若要開始,請匯入必要的程式庫,並初始化 Spark 工作階段。

from pyspark.sql.functions import udf, col
from synapse.ml.io.http import HTTPTransformer, http_udf
from requests import Request
from pyspark.sql.functions import lit
from pyspark.ml import PipelineModel
from pyspark.sql.functions import col
import os
from pyspark.sql import SparkSession
from synapse.ml.core.platform import *

# Bootstrap Spark Session
spark = SparkSession.builder.getOrCreate()

匯入 Azure AI 服務程式庫,並將下列程式碼片段中的金鑰和位置取代為您的 Azure AI 服務金鑰和位置。

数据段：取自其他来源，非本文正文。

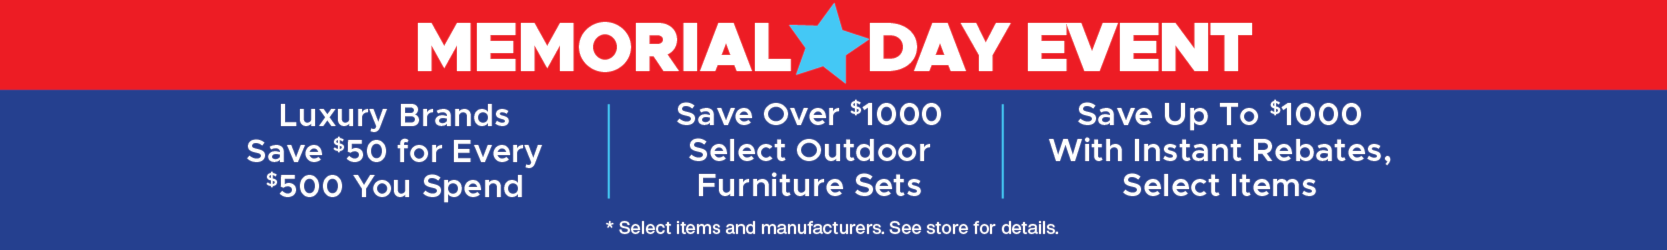 Memorial Day Event, Save up to $1000 with Instant Rebates

from synapse.ml.cognitive import *

# A general Azure AI services key for Text Analytics, Vision and Document Intelligence (or use separate keys that belong to each service)
service_key = "<YOUR-KEY-VALUE>" # Replace <YOUR-KEY-VALUE> with your Azure AI service key, check prerequisites for more details
service_loc = "eastus"

# A Bing Search v7 subscription key
bing_search_key =  "<YOUR-KEY-VALUE>" # Replace <YOUR-KEY-VALUE> with your Bing v7 subscription key, check prerequisites for more details

# An Anomaly Detector subscription key
anomaly_key = <"YOUR-KEY-VALUE"> # Replace <YOUR-KEY-VALUE> with your anomaly service key, check prerequisites for more details
anomaly_loc = "westus2"

# A Translator subscription key
translator_key = "<YOUR-KEY-VALUE>" # Replace <YOUR-KEY-VALUE> with your translator service key, check prerequisites for more details
translator_loc = "eastus"

# An Azure search key
search_key = "<YOUR-KEY-VALUE>" # Replace <YOUR-KEY-VALUE> with your search key, check prerequisites for more details

對文字執行情感分析

文字分析服務提供數種演算法,可從文字中擷取智慧型深入解析。 例如,您可以使用該服務來尋找某些輸入文字的情緒。 服務會傳回介於 0.0 和 1.0 之間的分數,低分表示負面情緒,而高分表示正面情緒。

下列程式碼範例會傳回三個簡單句子的情緒。

# Create a dataframe that's tied to it's column names
df = spark.createDataFrame(
    [
        ("I am so happy today, its sunny!", "en-US"),
        ("I am frustrated by this rush hour traffic", "en-US"),
        ("The cognitive services on spark aint bad", "en-US"),
    ],
    ["text", "language"],
)

# Run the Text Analytics service with options
sentiment = (
    TextSentiment()
    .setTextCol("text")
    .setLocation(service_loc)
    .setSubscriptionKey(service_key)
    .setOutputCol("sentiment")
    .setErrorCol("error")
    .setLanguageCol("language")
)

# Show the results of your text query in a table format
display(
    sentiment.transform(df).select(
        "text", col("sentiment.document.sentiment").alias("sentiment")
    )
)

執行健康情況資料的文字分析

適用於健全狀況服務的文字分析會從非結構化文字擷取並標記相關醫學資訊,像是醫師筆記、出院摘要、臨床文件及電子健康記錄。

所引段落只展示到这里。